I grew up in Families and environments that demanded conformance with their preordained narratives.  From my first years of life onward, I was judged for how well I could fit into other people’s boxes and appear to be happy about it.  I can only think of a handful of situations in my whole life this wasn’t true.  I fondly recall those generous souls who didn’t see me as an obnoxious entity behind my flailing Octopus tentacles (my attempts at expressing my reality in the moment), but could instead see me as the three-dimensional, alarmed, vulnerable creature desperately seeking to be seen, to have a genuine connection, but often executing in poor ways.  I am also programmed to feel shame for fighting for my voice and my reality, to grovel to that person and make sure everything is OK, then to accept whatever they now will rightfully dish out because I was the asshole who couldn’t just let them have whatever narrow interpretation of a situation that involved me they wanted to have. 

The Bugonia quote was a lightning strike for me and when I returned from travel, it was still on loud replay in my head.  I looked around in the apartment I will soon inhabit by myself.  I stared at the giant wedding canvases that were displayed prominently there, as they had been for the last nearly eight years in our house in Washington DC.  We were happy in that moment, and that mattered.  That day was a fact of my life.  My Children’s lives.  I realized not only did I not want to take those pictures down despite what was happening between divorce Attorneys we had hired and with the local court, I actually wanted to display many more pictures just like those.  Pictures from all of my weddings, of significant moments from across my entire life.  Pictures of my Children from across the decades, because it was their early years no one else seems to remember now, that has always been the meaning in my life.   

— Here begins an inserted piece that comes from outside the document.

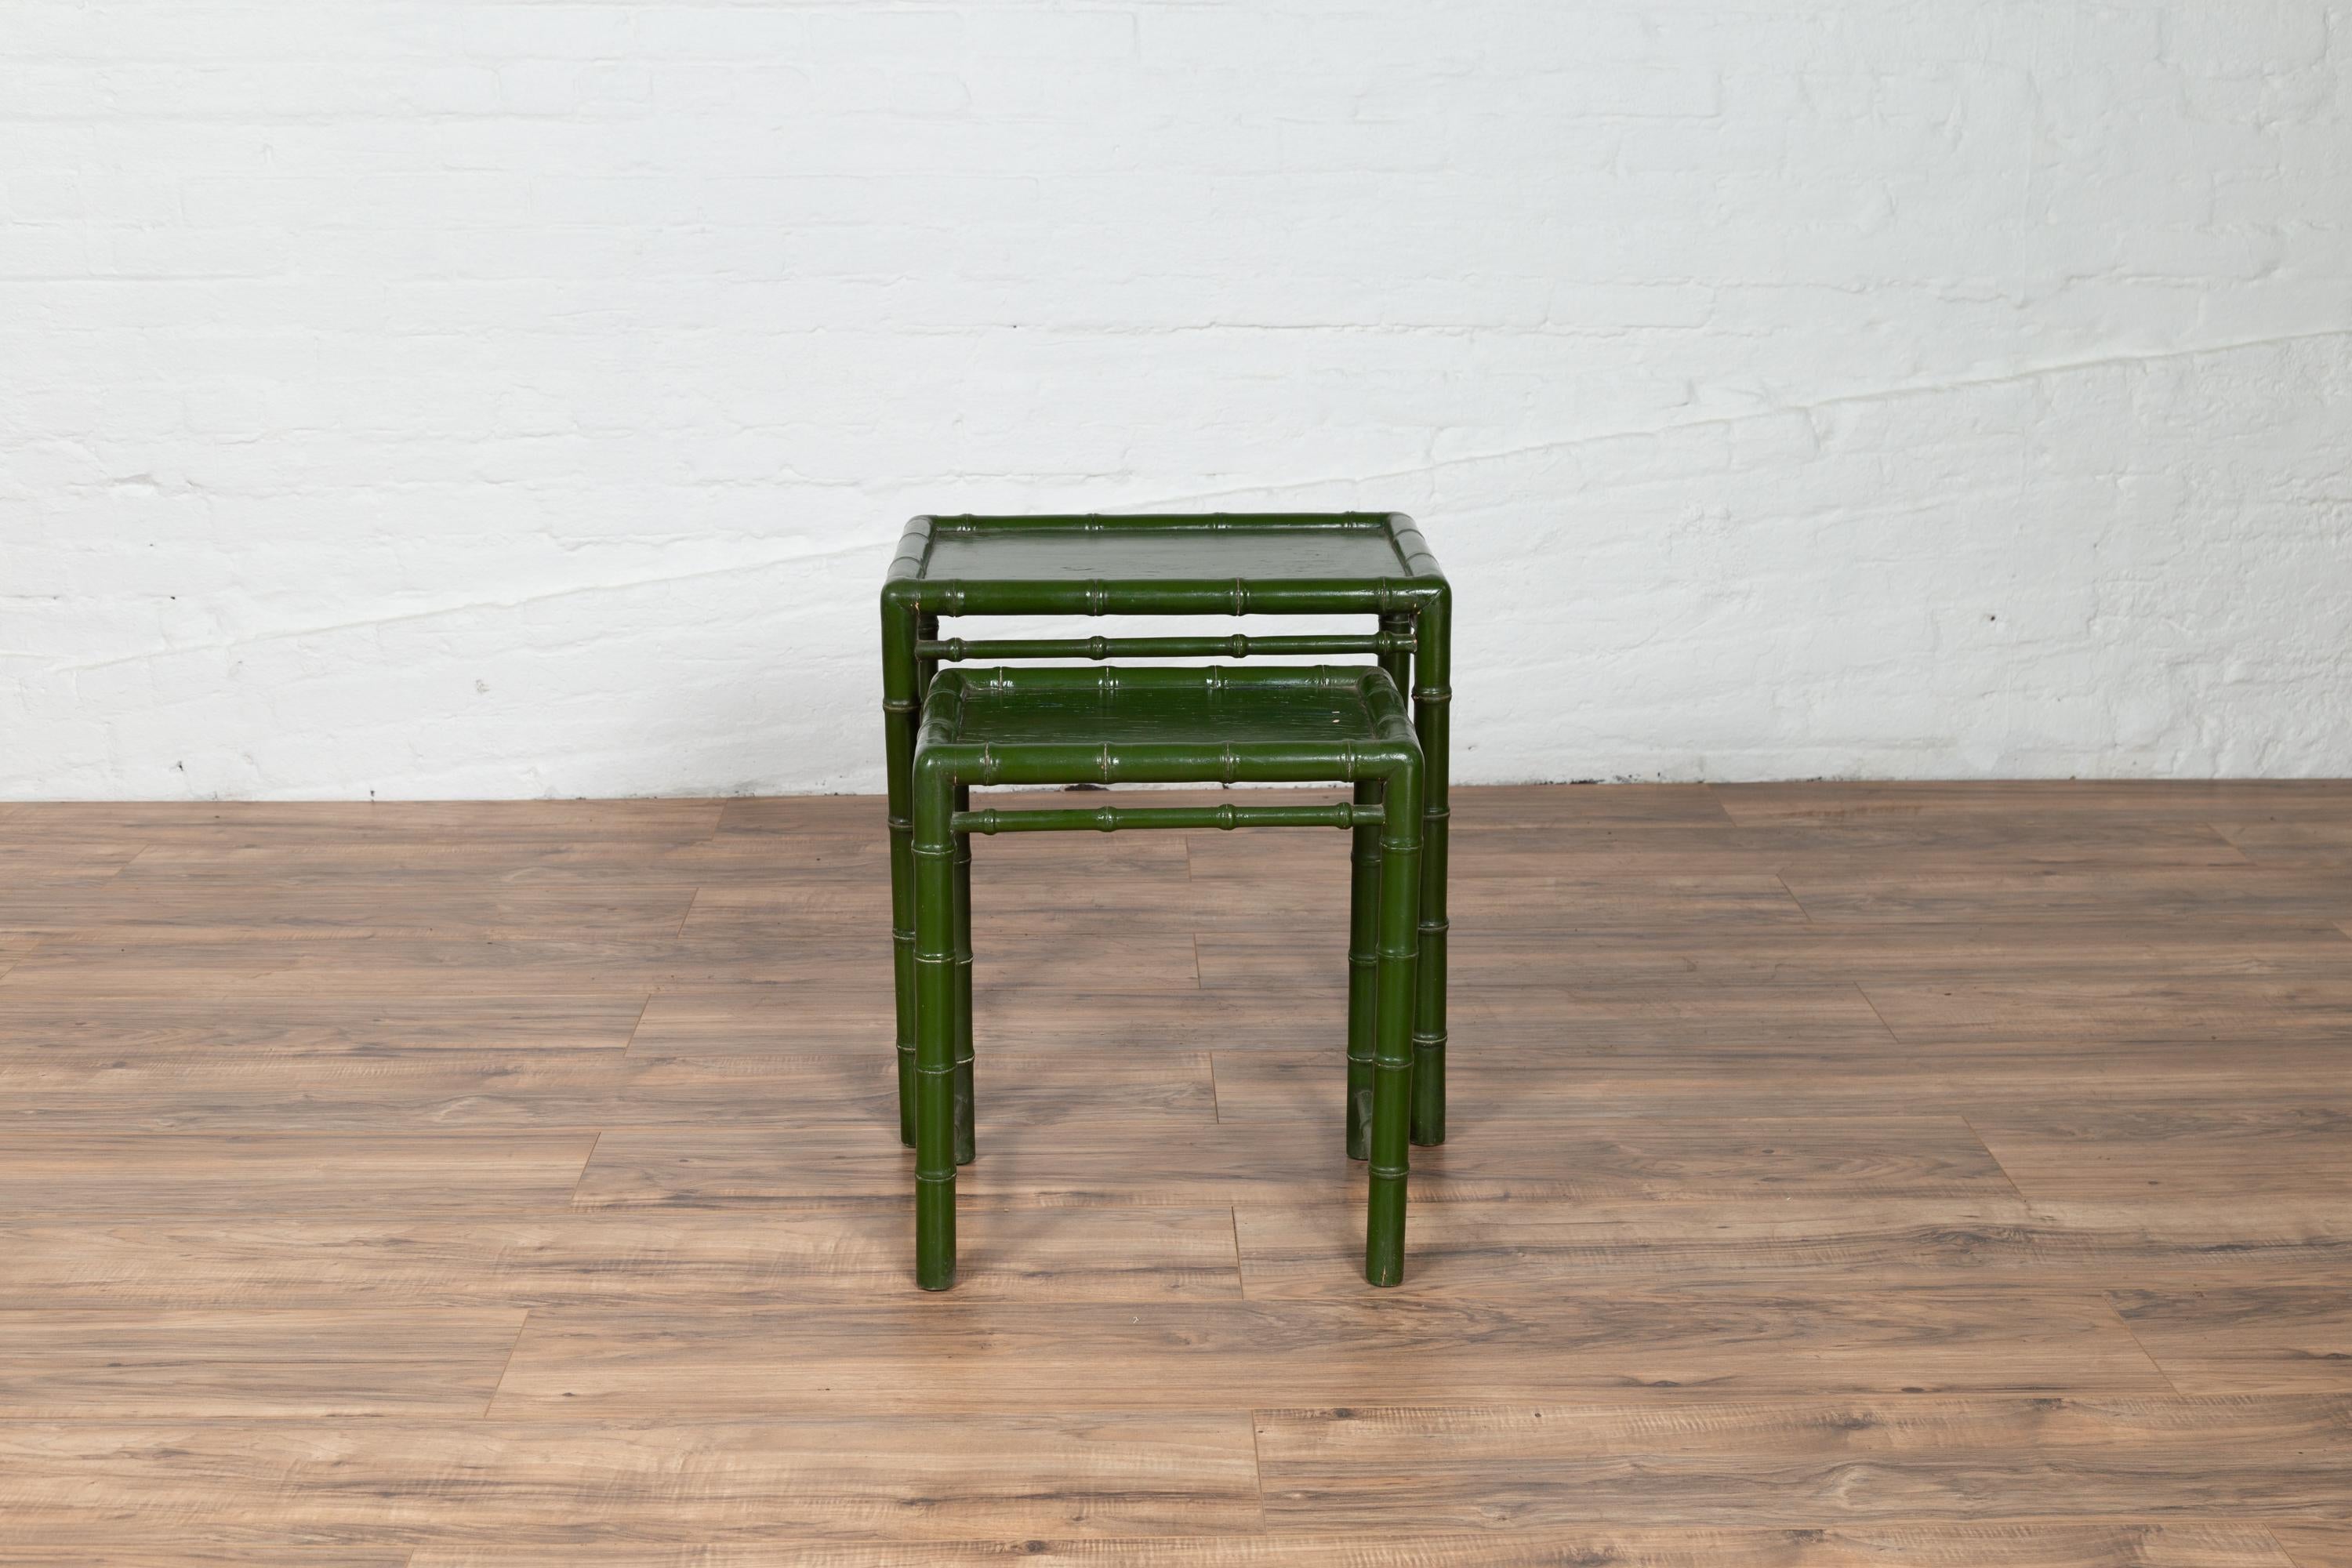 A set of two Chinese vintage bamboo nesting tables from the mid-20th century, with green lacquered finish and side stretchers. Born in China during the midcentury period, each of these two nesting tables features a bamboo structure, supporting a

Not having pictures on display from other eras of my life, of our lives, was part of my repression, and it also ultimately became part of my suppression of my Children’s realities.  I was following the formula for a manicured life I was long-ago taught I needed to present to the world, in some cases for my Family’s safety (in Communist Hungary), but mostly to maintain a socially acceptable, sanitized facade, and a comfortable environment for my subsequent Spouses.  That very thing now feels like was also actively suffocating me.  It played into my Imago Turtle Spouses getting to dictate my reality, and I shamefully complied.  After all, how fucked up does one have to be to be married four times?  That’s the universal certificate of personal failure. 

So there it is.  …and “I Never Want to Put This Behind Us.”

As of this weekend, my new home (well, apartment technically) will contain proud displays of all of my journeys, all of the marriages and memories that helped me arrive to this version of me.  …and this version of me is so very messy and undeserving, yet the most whole and visible to myself I have ever been.  I don’t ever want to lose that clarity.  It’s owning all of what occurred, the choices I made, the survival programming I permitted to run my inner world, that now I want for myself, front and center, visible each day to me to whomever may visit me. 

It was all real and the only way to arrive at my present present, is to learn to live with what I had pushed into the shadows, way out in the open.  It’s the visual parallel to the internal work I have been doing, acknowledging lost parts of myself and learning to show up for myself the way I needed someone to show up for me at many points in my life.  I am that someone.